Time to Be King is the fourth studio album by the multinational power metal band Masterplan. It is their third album with original singer Jørn Lande, the first since his original departure in 2006, and the last before his final departure in 2012. He left the band in 2006 for the first time, citing musical differences as the reason.

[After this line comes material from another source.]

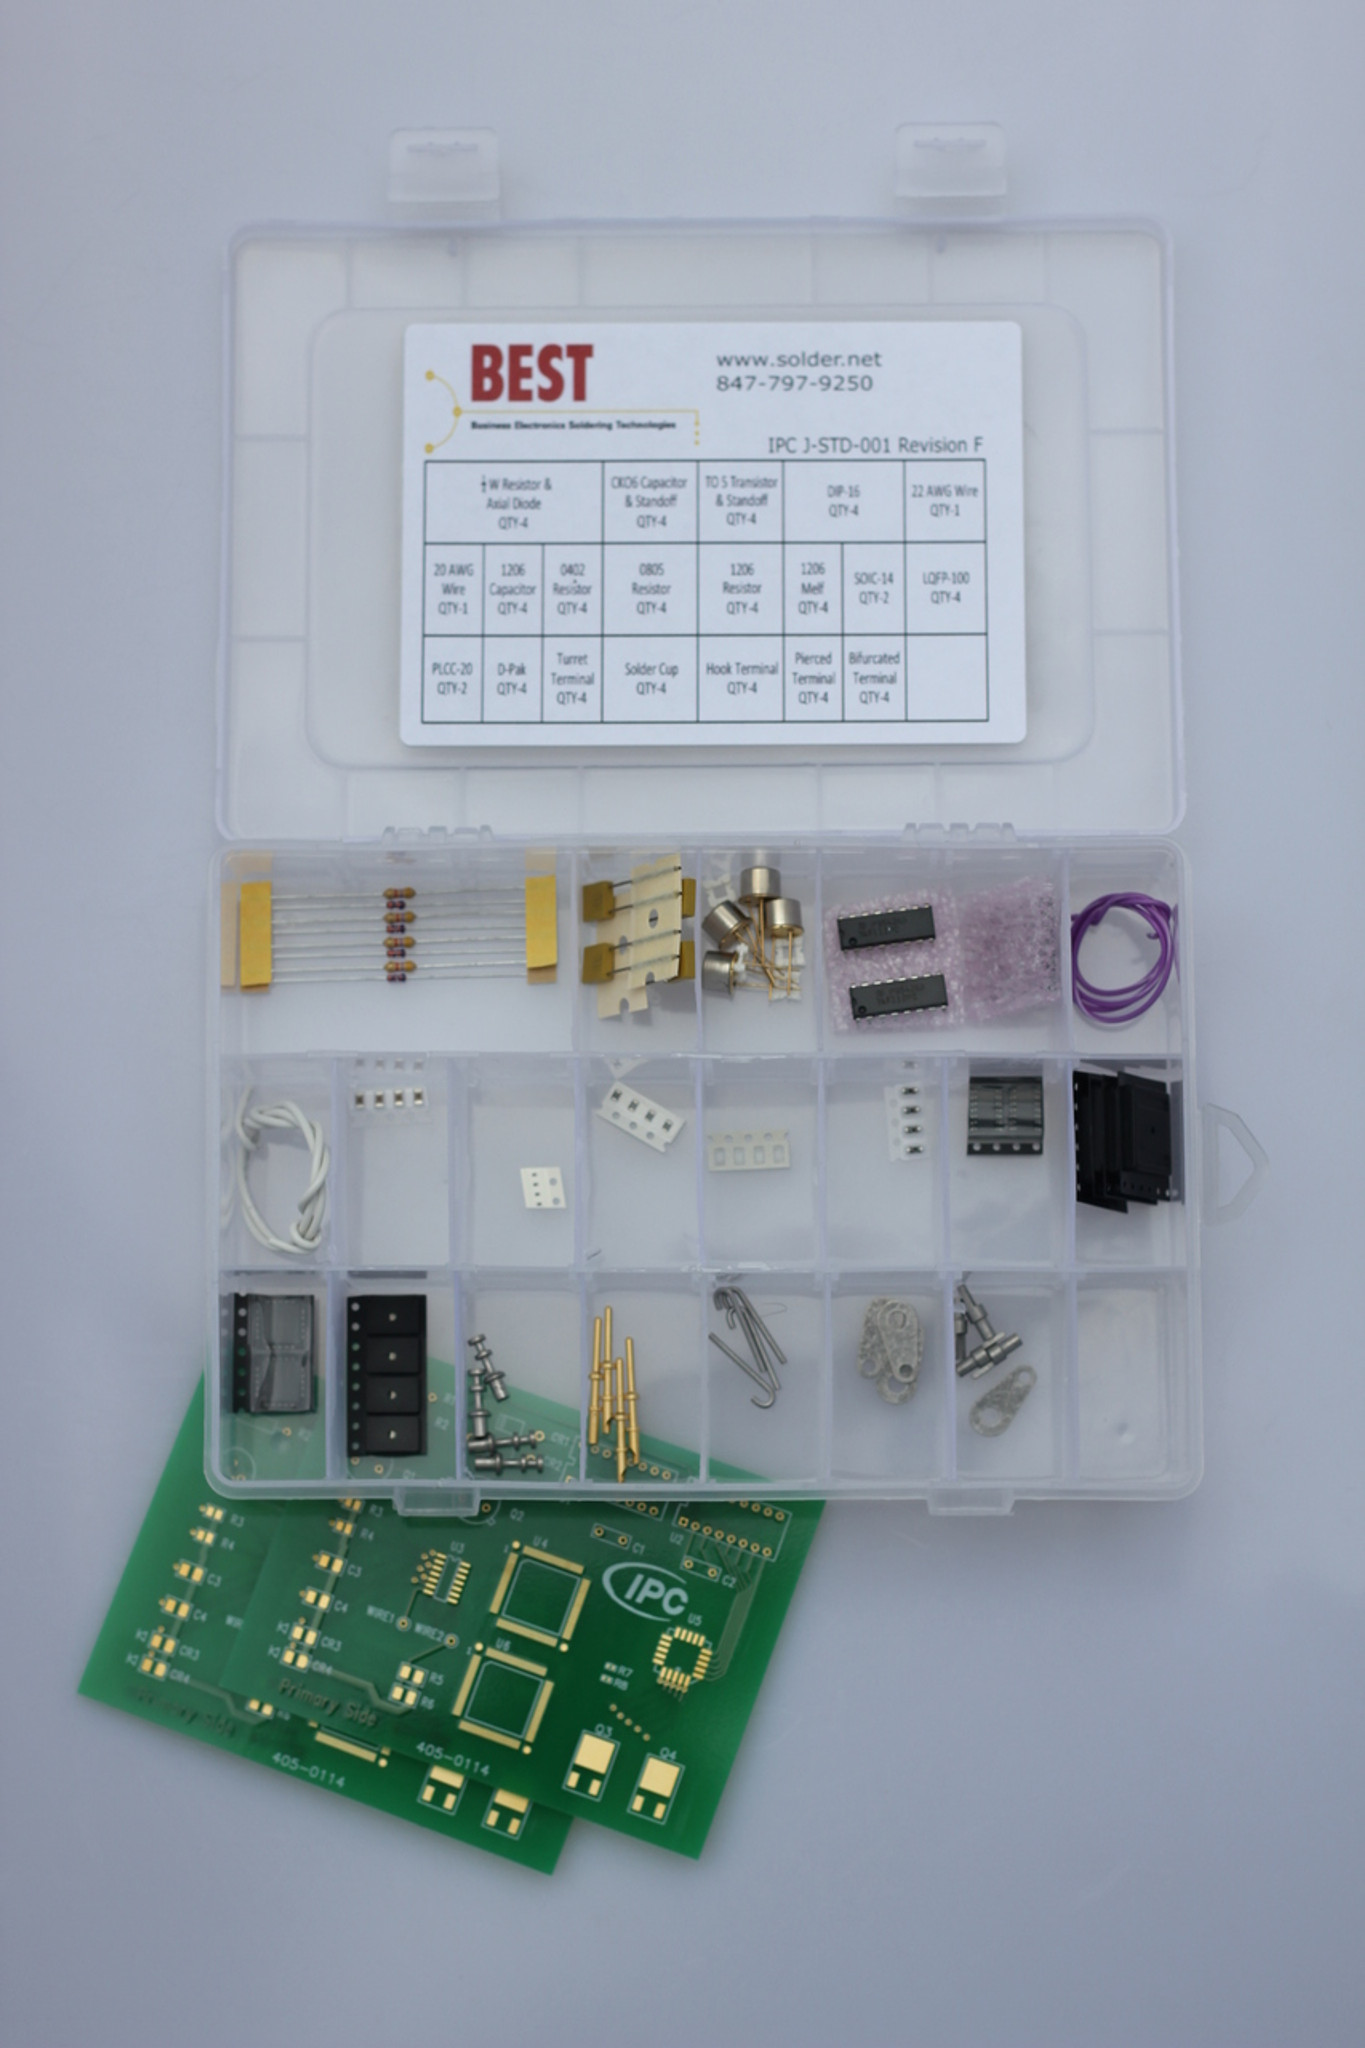 IPC J-STD-001 Revision F / G Solder Training Kit

The album was originally planned to be released on 16 April 2010 but during a listening session in Hamburg it was confirmed that the release date was pushed back to 21 May. The album features a rawer and less complex sound than the previous albums but still with Masterplan's progressive and melodic power metal trademarks. Lead singer Jørn Lande had a major contribution to the songwriting, he wrote some of the music and all the lyrics for the songs. Also keyboardist Axel Mackenrott took part as one of the main songwriters and brought the ideas for songs like Time to Be King and Blue Europa. Roland Grapow said Axel is now "totally filling the shoes of Uli (Kusch) and he has a very familiar style of writing that I love so much and it’s very important for the band."

Jørn Lande has recorded a slightly different version of the title track on his 2012 solo album, Bring Heavy Rock to the Land.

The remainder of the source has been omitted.